我正在尝试使用此规则解析论坛:
rules = (Rule(LinkExtractor(allow=(r'page-\d+$')), callback='parse_item', follow=True),)
我在开始时尝试了几种有/无r的方法,在模式结束时有/无$等等,但每次scrapy都会生成以等号结尾的链接,即使在链接中没有=也没有页面也没有图案。
有一个提取链接的例子(也使用parse_start_url,所以起始网址也在这里,是的,我试图删除它 - 它没有帮助):
[<GET http://www.example.com/index.php?threads/topic.0000/>,
<GET http://www.example.com/index.php?threads%2Ftopic.0000%2Fpage-2=>,
<GET http://www.example.com/index.php?threads%2Ftopic.0000%2Fpage-3=>]

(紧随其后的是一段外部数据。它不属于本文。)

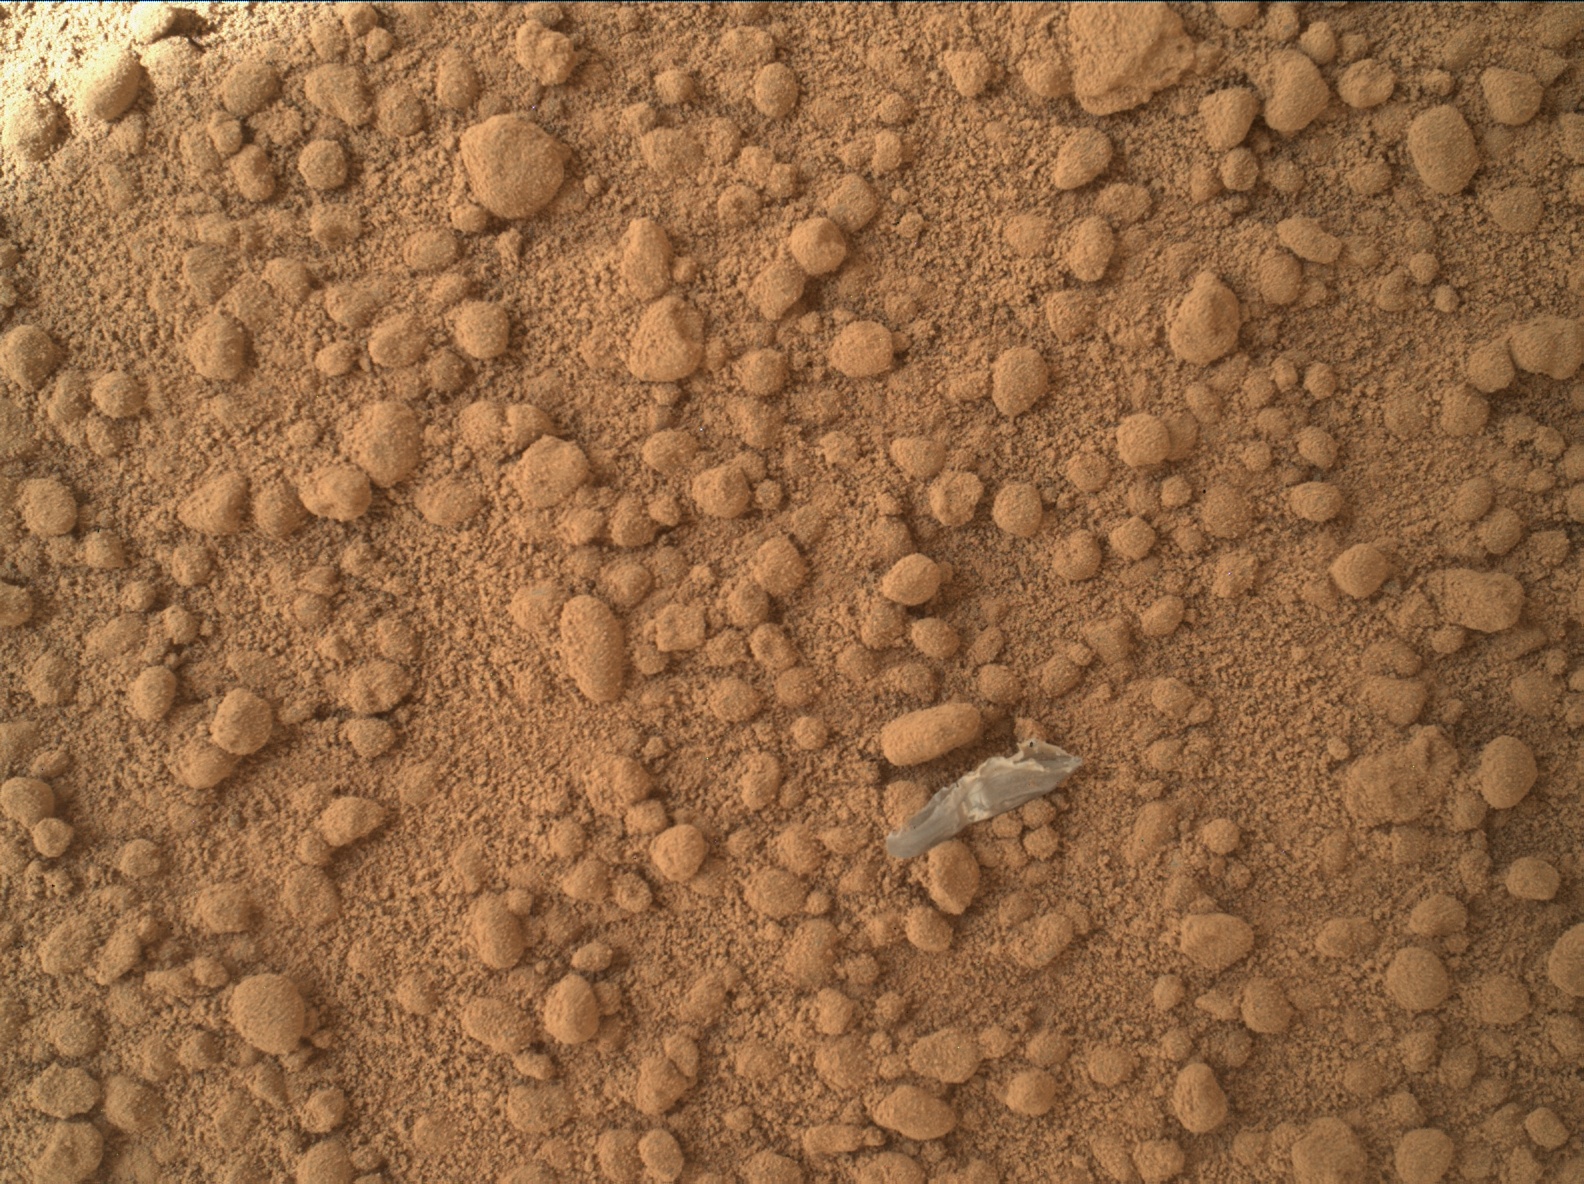 Nasa's Mars rover Curiosity acquired this image using its Mars Hand Lens Imager (MAHLI) on Sol 65

如果我在浏览器中打开或在scrapy shell中获取这些链接,我会得到错误的页面,无需解析,但删除相同的符号可以解决问题。
那么为什么会这样呢?我该如何处理呢?
编辑1(附加信息):
编辑2:
蜘蛛的代码:
from scrapy.spiders import CrawlSpider, Rule
from scrapy.linkextractors import LinkExtractor
from scrapy.http import Request
class BmwclubSpider(CrawlSpider):
name = "bmwclub"
allowed_domains = ["www.bmwclub.ru"]
start_urls = []
start_url_objects = []
rules = (Rule(LinkExtractor(allow=(r'page-\d+$')), callback='parse_item'),)
def parse_start_url(self, response):
return Request(url = response.url, callback=self.parse_item, meta={'site_url': response.url})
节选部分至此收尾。